For the thousands of passengers stranded on the Euston concourse last night, the triple whammy of fallen trees, storms and signal failures proved one big trick.

The one thought that crossed my mind as I attempted to see my friend off to Manchester at 18.00 was: “What did Greta Thunberg make of our railways when she travelled this morning to Glasgow?”

Well thank G-d she was spared the pandemonium later that evening. Otherwise the answer would have almost certainly been: Complete carnage – a showcase for zero resilience across the national network.

Lack of police, cafes and shops mostly closed and people swapping pillows for concrete pillars as they prepared to stay the night at Britain’s fifth largest railway station.

As many of her scientific and environmental colleagues failed to even leave the capital, my heart went out to the countless young families, squealing babies and desperate mothers in despair.

While frantically searching for a train that would go further than Watford Junction, I bumped into another Mancunian who told me he had been turned away twice from rammed trains heading north.

HALLOWEEN NIGHTMARE: Festive spirit was thin on the ground last night as COP 26 visitors bound for Glasgow were left stuck in London. Credit: Ryan Prosser.

And it wasn’t just the overhead lines in Crewe and Northampton which were in need of an emergency repair, the lines of communication warranted an urgent fix.

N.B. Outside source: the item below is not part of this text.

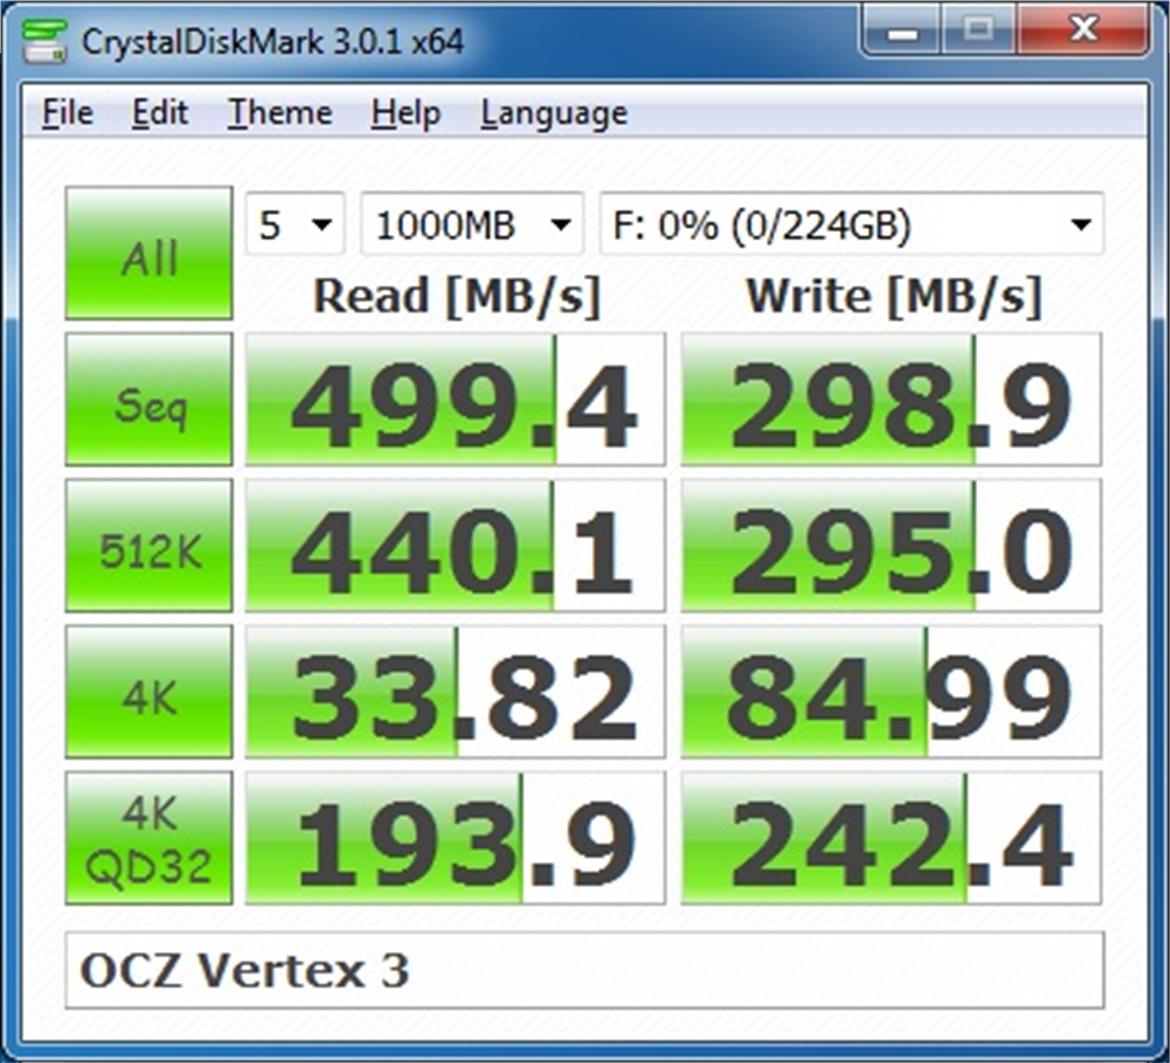 OCZ Vertex 3 SandForce SF-2000 Based SSD Preview

As COP-26 adverts flashed up on the billboards declaring “no time for delay”, information was scarce both online on the National Rail app and in the station, and visitors to the all important climate summit found themselves resorting to other less-green ways to travel, with National Express coaches and flights all getting fully booked.

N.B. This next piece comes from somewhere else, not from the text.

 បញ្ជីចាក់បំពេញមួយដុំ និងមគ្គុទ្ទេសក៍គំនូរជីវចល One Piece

Apart from the passengers, my sympathies were with the few members of staff to be found in the station who were swamped with customers and besieged with abuse, informing people through no fault of their own, that the 19:27 was definitely departing the second it was cancelled on the departures board.

In the grander scheme of things, those of us who frequent the West Coast mainline know, despite my headline, that this nightmare isn’t just for October 31, but an all too familiar experience, the norm week in week out.

It’s so normal that it isn’t even news anymore.

The worse thing is that, just when we need more reasons to use rail over air, the incentive to do so is declining.

And as if cancellations and overcrowding trains weren’t enough of a deterrent, the Chancellor even gave aviation a helping hand last week by slashing Air Passenger Duty on domestic flights.

It marks a sharp contrast to policy across the Channel, where in France domestic flights are now banned where high speed railway links are available.

Let’s just hope the talks in Glasgow make more progress than trains did from Euston last night, and that at what the prime minister has labelled “one minute to midnight”, we haven’t started as we mean to go on.